IV. Application of Column Chromatography in Recombinant Protein Purification

The principle of column chromatography is to load the sample stationary phase into the chromatographic column, the stationary phase in the sample column is different and the adsorption capacity between the components and the sample stationary phase is different when using various solvents for selective elution of the components left on the adsorbed column, the separation adsorption and resolution of adsorption will occur automatically, and the components which have a relatively weaker adsorption bonding capacity with the sample stationary phase will be adsorbed and eluted out of the sample column first, while the components which have a relatively stronger separation and adsorption capacity will be separated and eluted out of the column in the latter phase. The components with relatively weaker adsorption binding ability with the sample stationary phase will be adsorbed and eluted out of the sample column first, while the components with relatively stronger separation and adsorption ability will be separated and eluted out of the column in the latter phase. In this way, the purpose of combining sample separation and purification is finally achieved.
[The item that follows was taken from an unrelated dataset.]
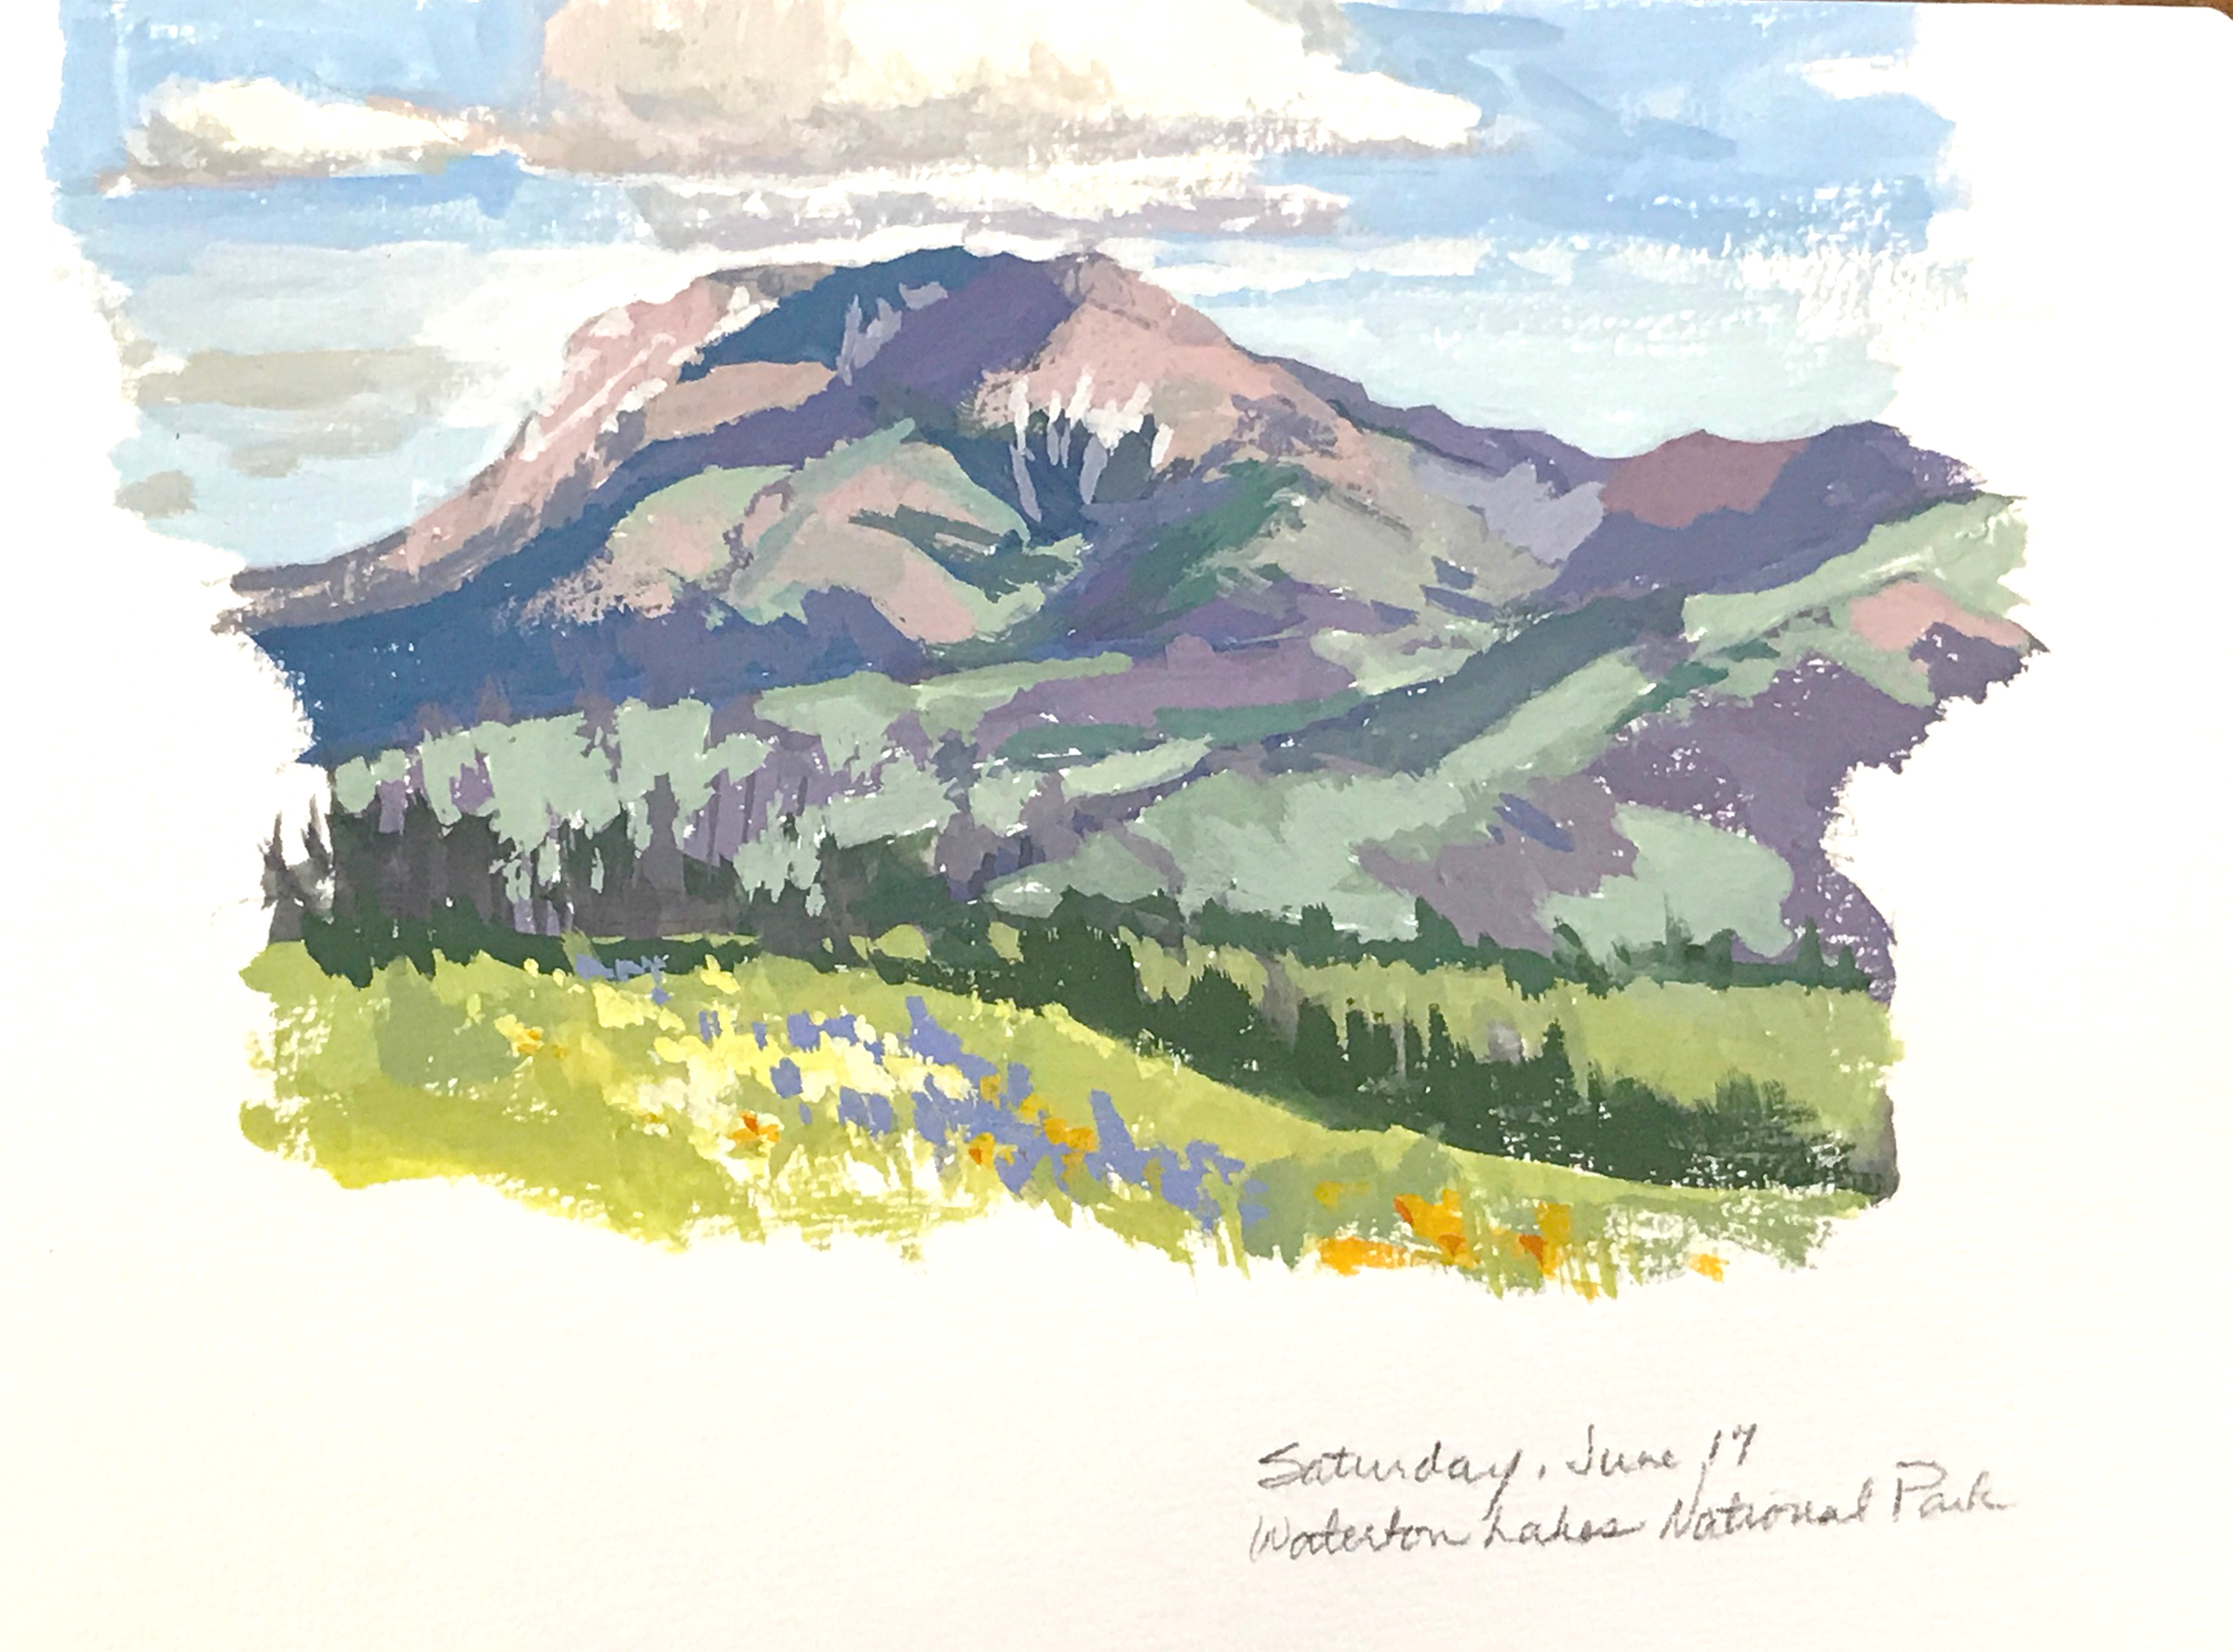 Gouache sketch from Waterton Lakes National Park, Alberta

Comparison of the types of chromatography used for protein separation and purification:

V. Application of Protein PurificationTechnology

1. Application to separation, purification and concentration of chemical substances;

2. Purification, recycling and utilization of useful substances in the production of recycled wastewater;

3. Concentration and purification of marine biological extracts;

4. Concentration and purification of amino acids/proteins;

5.Recycling of products in the production of ultrafine powders.

KMD has been committed to the expression and purification of recombinant proteins for many years, and can propose diversified protein purification solutions according to the different needs of customers. Affinity purification, ion exchange, molecular sieve, etc. are designed according to protein properties. Provide customized protein purification services.